Comme le souligne spirituellement la presse américaine, la chute du « roi David » ( il portait déjà ce surnom avant même de succomber à sa Bethsabée) n’a certainement pas fait que des affligés à la Maison Blanche. Avec sa démission de la CIA, le plus illustre successeur d’Allen Dulles (connu pour sa vie sexuelle dissipée) tourne définitivement la page de l’ère Bush. On imagine la satisfaction d’Obama et la jubilation de ses partisans.

Et pourtant, David Petraeus , surnommé « le professeur de guerre » par Vanity Fair, avait l’étoffe d’un Patton ou d’un Eisenhower. Ce qu’il a réussi en Irak, personne ne le croyait possible. Et son manuel sur la Contre-Insurrection (sa lecture est un régal) demeurera un des grands classiques de la stratégie militaire.

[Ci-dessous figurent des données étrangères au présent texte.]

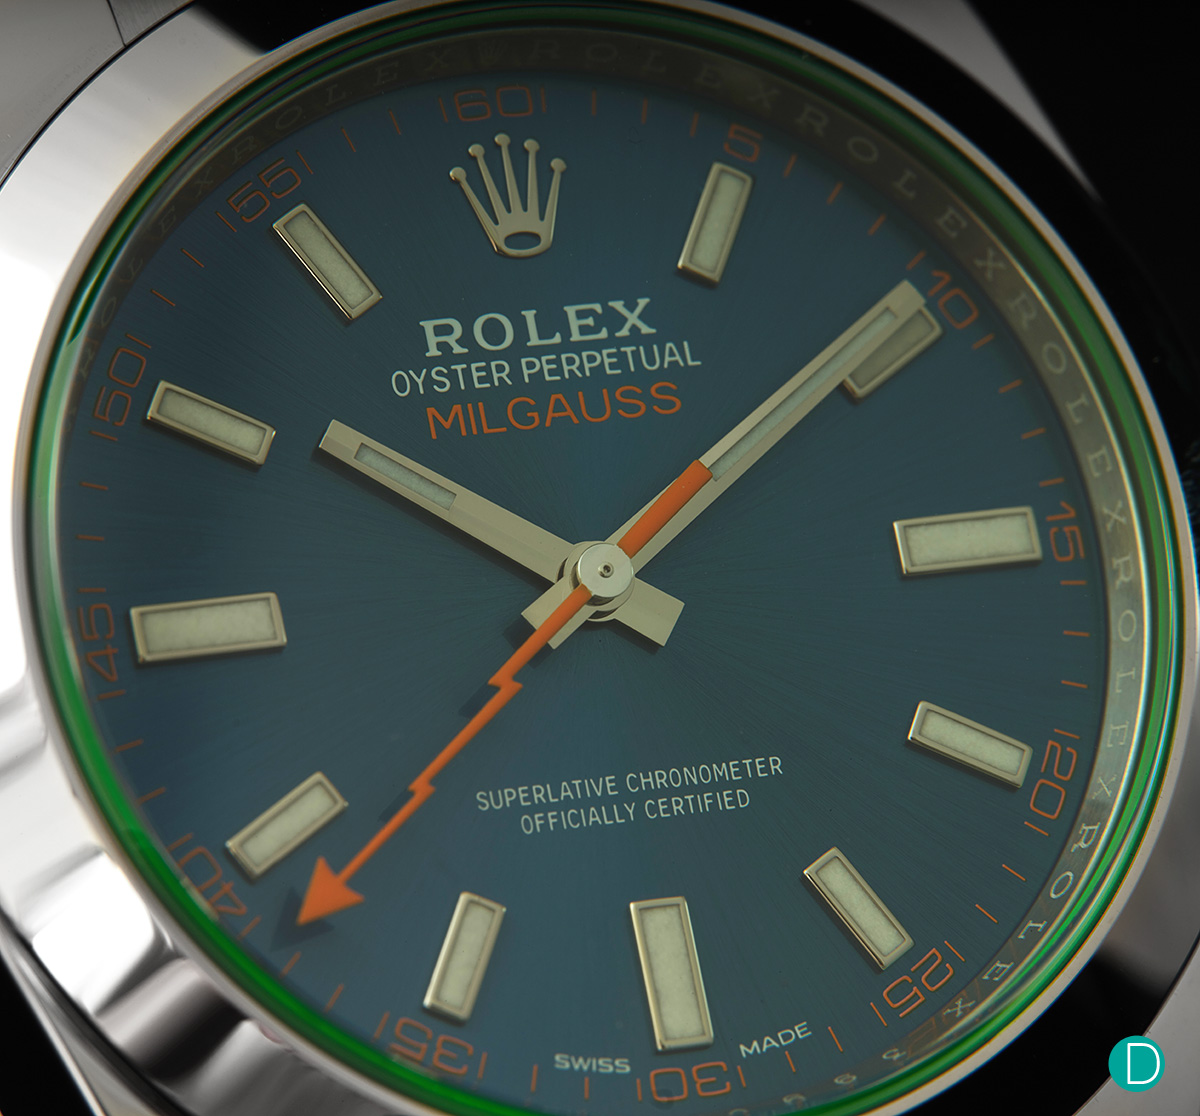 Review: Hands-on with the Rolex Milgauss Ref. 116400GV

Par ailleurs, David Petreaus, très populaire aux États-Unis, ne cachait ni son ambition présidentielle, ni ses affinités avec les Républicains. Sa fin est d’autant plus pitoyable : « J’ai fait preuve d’un manque de jugement et d’un comportement inacceptable à la fois comme époux et comme patron de la CIA « . Exit le roi David.

Une question taraude cependant les Américains …. tout au moins les plus réservés à l’égard d’Obama : le général Petreaus ne serait-il pas tombé dans un piège tendu par le Président avec l’aide du FBI – tout comme Herman Cain, le sympathique candidat républicain, avant lui ? Mêmes méthodes, mêmes résultats. La plus petite entorse à ce qu’on appellera par dérision « la morale sexuelle » est immédiatement portée sur la place publique, gobée par les gogos et sanctionnée.

On évoque souvent l’Amérique des années cinquante (celle de Dulles précisément) comme une Amérique ultra-puritaine. Que dire alors de celle d’Obama ? Une décontraction affichée se révèle souvent plus impitoyable qu’un respect apparent des principes.